PROTOCOL: TRINITY
Awakening the System
CHAPTER 1: THE LOBBY
SCENE 1: THE GOD SQUAD
The world was burning, and Rudra was laughing.
It wasn't a happy laugh. It was the jagged, manic sound of a predator who had just smelled blood in the water. On the screen, the virtual ruins of Pochinki were dissolving into a blur of rendered smoke and muzzle flashes, but in Rudra's mind, this was the only reality that possessed any mass or weight.
"Pushing! He's panic-spraying! Look at him, he's terrified!" Rudra screamed, his fingers dancing across the mechanical keyboard with a violence that threatened to crack the plastic keys. His avatar, a digitally clad berserker, vaulted through a broken window, an M416 spitting fire.
"Hold your angle, Rudra. Don't get greedy," a voice cut through the chaos—cool, detached, surgical.

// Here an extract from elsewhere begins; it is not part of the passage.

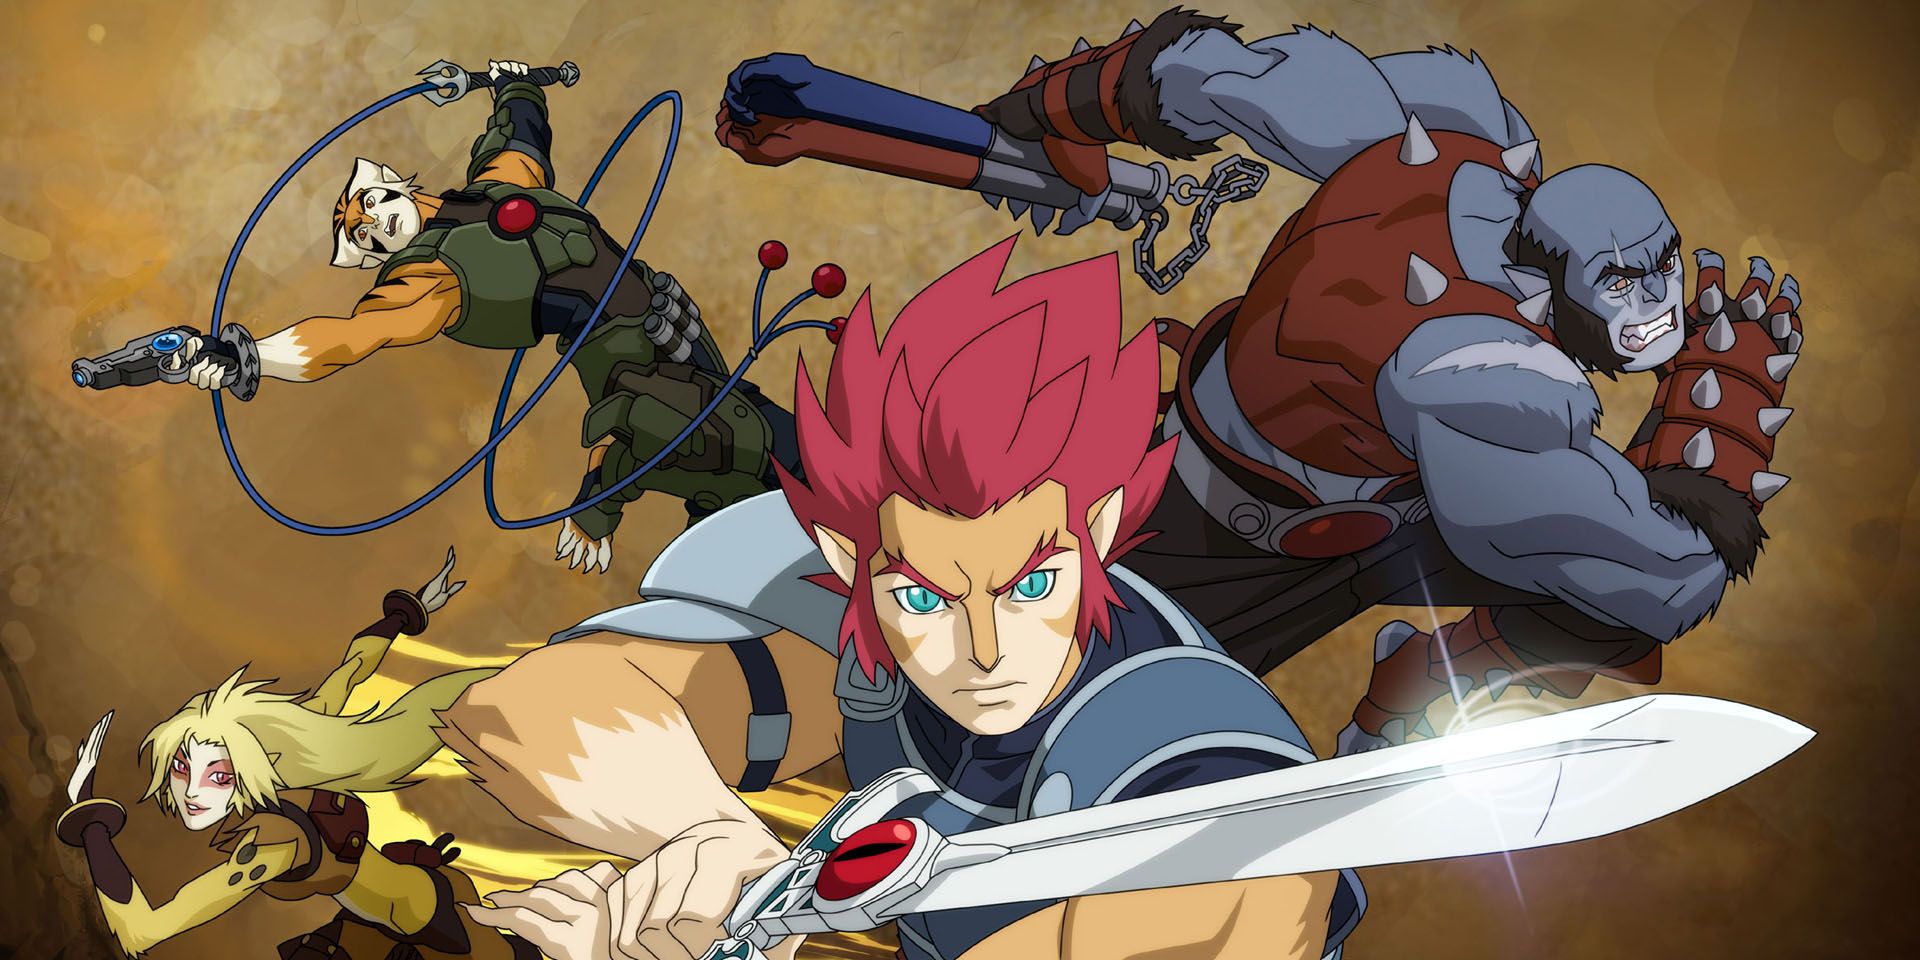 Image from the 2011 ThunderCats reboot.

Laksh. Five hundred meters away on a digital ridgeline, looking through an 8x scope. While Rudra was the storm, Laksh was the weatherman. He didn't see enemies; he saw geometry, drop rates, and inevitable outcomes. Crack. The sharp report of an AWM sniper rifle echoed.
"Knocked," Laksh murmured, sounding like he was ordering coffee. "Headshot. 245 bearing. Clean."
"I'm bleeding! I'm bleeding, damn it!" Rudra roared, his health bar blinking a frantic red as a grenade tumbled to his feet.
"I got you. Don't move."
Dhruv. The glue. The anchor. He slid into the room amidst the debris, popping a smoke grenade that bloomed into a grey sanctuary. While bullets chewed up the doorframe, Dhruv's hands were steady, administering the revive kit. He didn't care about the kill count; he cared about keeping the Trinity alive.
"He's one shot, Rudra. One shot," Dhruv said, his voice straining with the tension of a support player carrying the weight of the team's survival. "Heal up. We rotate to Zone in ten seconds."
Rudra didn't wait ten seconds. The moment the revive bar hit 100%, he was up. No med-kit. No hesitation. Just pure, unadulterated aggression. He swung the corner, pre-firing.
The final enemy fell.
The screen froze. The golden text exploded outward, flooding their retinas with the only validation that mattered.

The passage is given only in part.